This just in: George W. Bush is not a lawyer (Nor was George
Washington)
Sanford Levinson
SLevinson at MAIL.LAW.UTEXAS.EDU
Tue Aug 15 20:00:27 PDT 2000
I have just listened to an NPR story about a prisoner who just received a
pardon from Governor Bush. DNA showed that he was almost certainly
innocent of the sexual crime for which he was convicted. What is crucial
is that the Board of Pardons and Paroles recommended the pardon (with the
support, I believe, of the prosecutor in the case), and Bush deferred to
that recommendation. Astonishingly (and outrageously), the Texas Court of
Criminal Appeals decided a couple of years ago, after the first DNA test
showed that the prisoner (who had been in prison for some years) probably
didn't do it, that the prisoner was not entitled to a new trial because,
after all, he might have been using a condom, which would explain why there
was no evidence connecting him to the rape. When asked why Bush didn't
issue a pardon then, the Governor's spokesperson said (I am trying to quote
as accurately as possible from my memory of the segment a couple of minutes
ago): "The governor believes in separation of powers, and he doesn't
second-guess courts. After all, he's not a lawyer." It is obviously true
that the Governor is not a lawyer. (He was not admitted to the University
of Texas Law School!) But he has scarcely maintained silence about the
judiciary. Thus, he professes to admire Scalia and Thomas. I believe that
he has "second-guessed" the Court on Roe, and it is certainly true that he
has endorsed a party platform that continues implicitly to call for the
exclusive appointment of judges who are prepared to overrule that decision.
But, if we take his spokeswoman seriously, how can he come to any informed
view about what constitutes a defensible approach to legal decisionmaking?
Is this a "gratuitous slap" at the Governor, or does this reveal a genuine
problem with regard to his stance visi-a-vis the judiciary? Or do we
simply say that one can't take seriously anything a politician says and
that it is, therefore, unfair to subject what they say to serious analysis?

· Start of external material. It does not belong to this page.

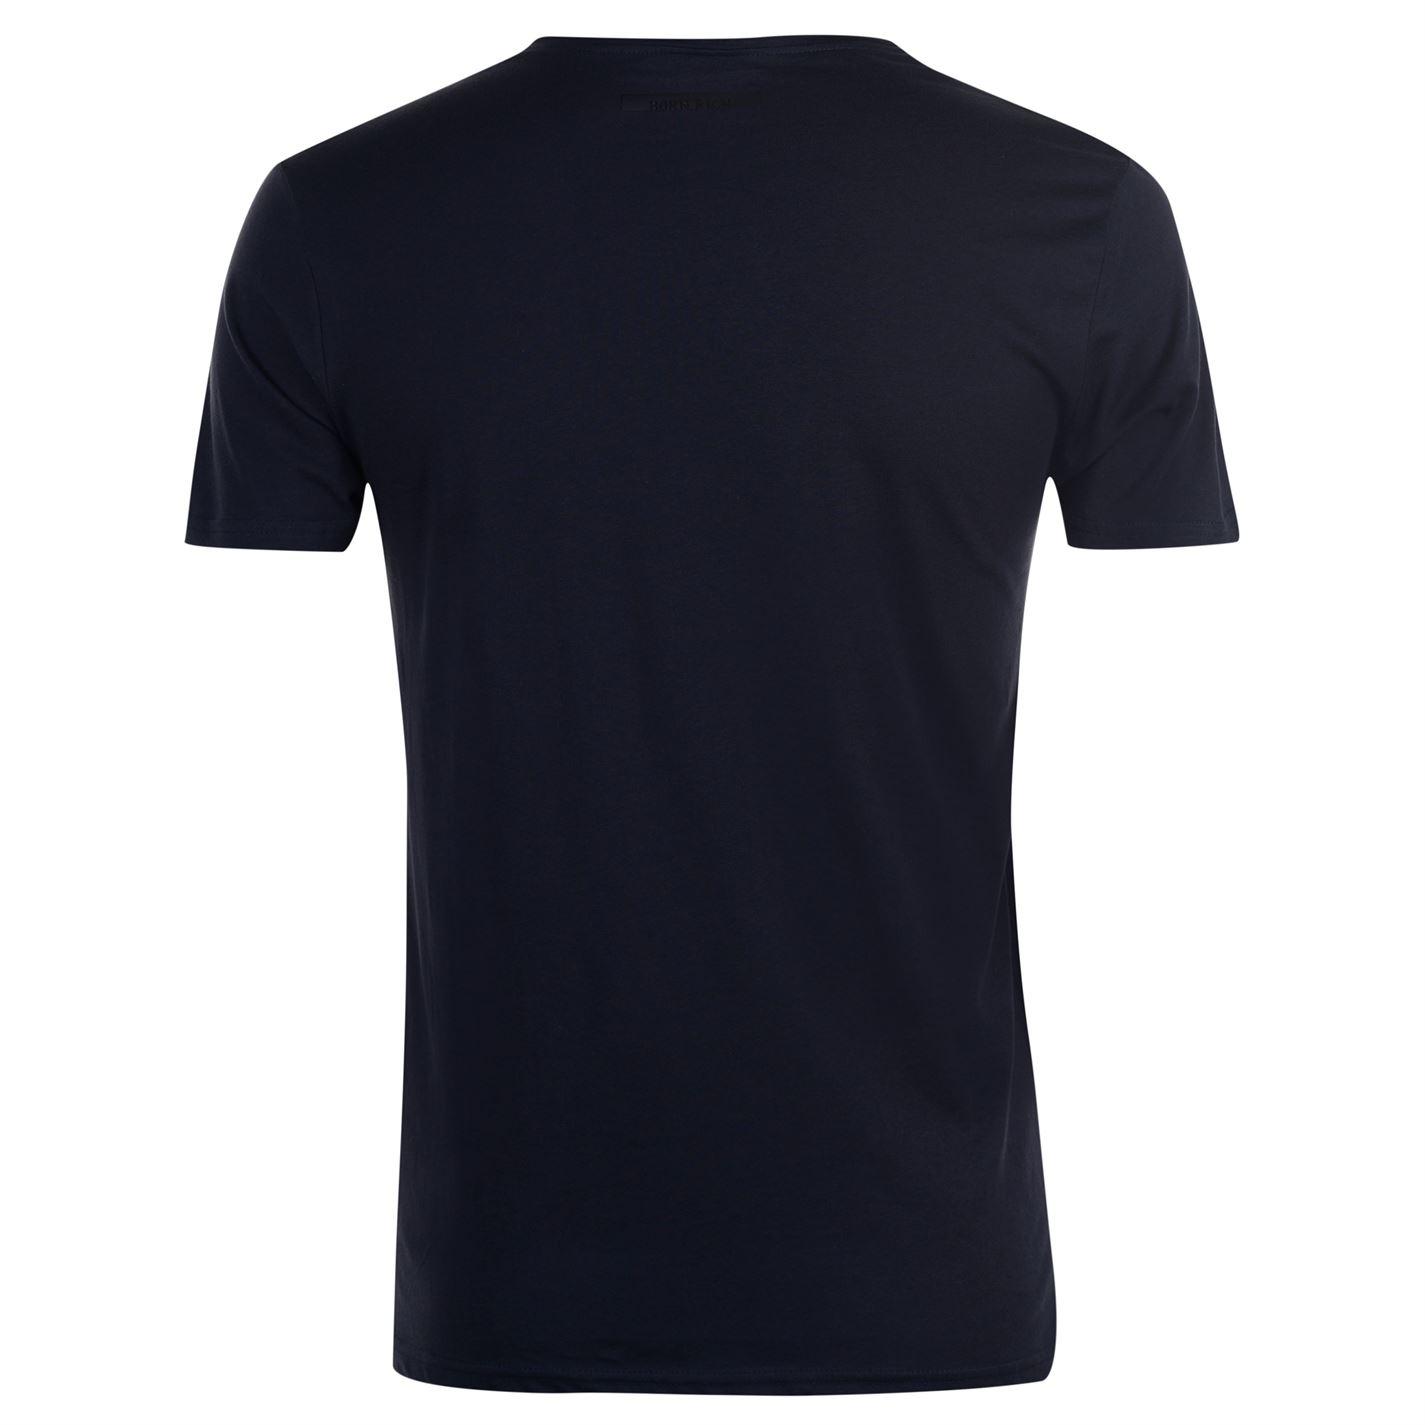 Born Rich Agate T Shirt Mens Gents V Neck Tee Top Short Sleeve

We have, of course, had many non-lawyer presidents, some of them quite good
ones, including George Washington. He, of course, asked his Cabinet for
their advice re the chartering of the Bank of the United States, and two of
the three, including the Attorney General of the United States, said it was
unconstitutional. Only the Secretary of the Treasury, Mr. Hamilton,
believed it was constitutional. Yet Washington signed the bill, presumably
because he agreed with Hamilton. This seems strongly to suggest, among
other things, that one need not be a lawyer in order to resolve the most
complex constitutional issues, that Washington could indeed come to an
informed conclusion as to the various argument. If we have no problem with
this, then does this suggest that we might benefit, for example, from
having a non-lawyer on the Supreme Court? I.e., can experience or
Washingtonian virtue outweight whatever is provided by professional
education? Or is the justification of the lawyer's monopoly the
non-constitutional part of the docket?